Some have mentioned using two "soft" seals on a piston. The problem with doing this is pressure trapping. Trapped air/oil in the space between the seals will begin to create pressure in that space, due to thermal expansion or from the seal scraping the oil film from the cylinder wall and trapping it in that space. As the piston cycles that pressure increases, causing increased seal force on the cylinder wall. It is possible that this can cause forces great enough to actually stop piston movement. It can also cause premature seal wear or failure.
It is also possible for this to happen between a dynamic o-ring and its backup washer (if one were to be used). There are special backup washers made to remedy this situation.
(edit: soft seals only, doesn't apply to cast iron rings)


----------



## coulsea (Feb 11, 2021)

wespete66 said:


> Some have mentioned using two seals on a piston. The problem with doing this is pressure trapping. Trapped air/oil in the space between the seals will begin to create pressure in that space, due to thermal expansion or from the seal scraping the oil film from the cylinder wall and trapping it in that space. As the piston cycles that pressure increases, causing increased seal force on the cylinder wall.
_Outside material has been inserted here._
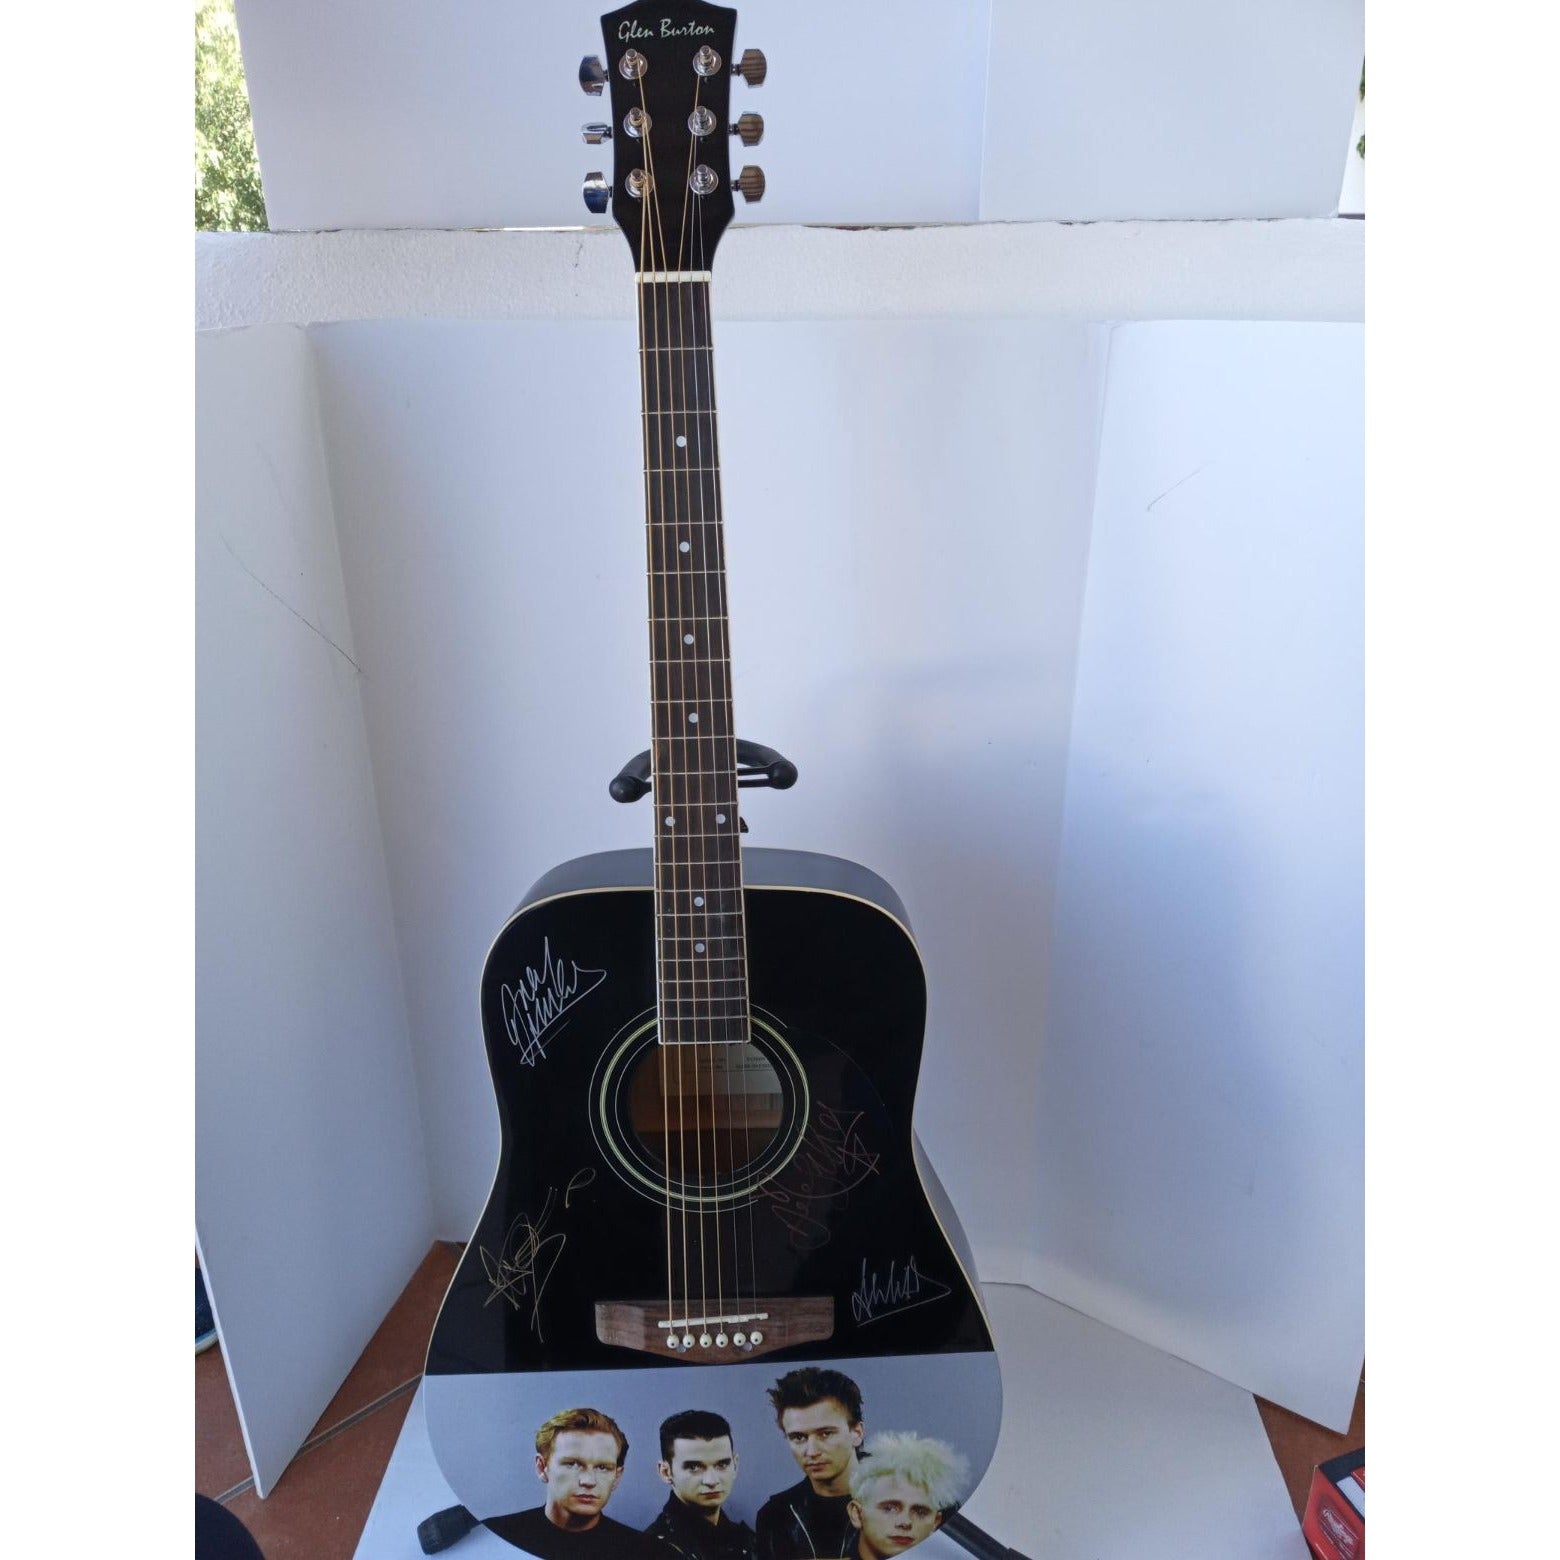 Depeche Mode David Gahan Martin Gore Andy Fletcher Alan Wilder One of a Kind full size acoustic guitar signed with proof

It is possible that this can cause forces great enough to actually stop piston movement. It can also cause premature seal wear or failure.
> It is also possible for this to happen between a dynamic o-ring and its backup washer (if one were to be used). There are special backup washers made to remedy this situation.


The first time I used O rings I thought that two must be better than 1, it would lock solid after a few turns.


----------



## almega (Feb 11, 2021)

Should the wall of the cylinder be honed smooth or should there be a cross-hatch pattern if using Viton o-rings?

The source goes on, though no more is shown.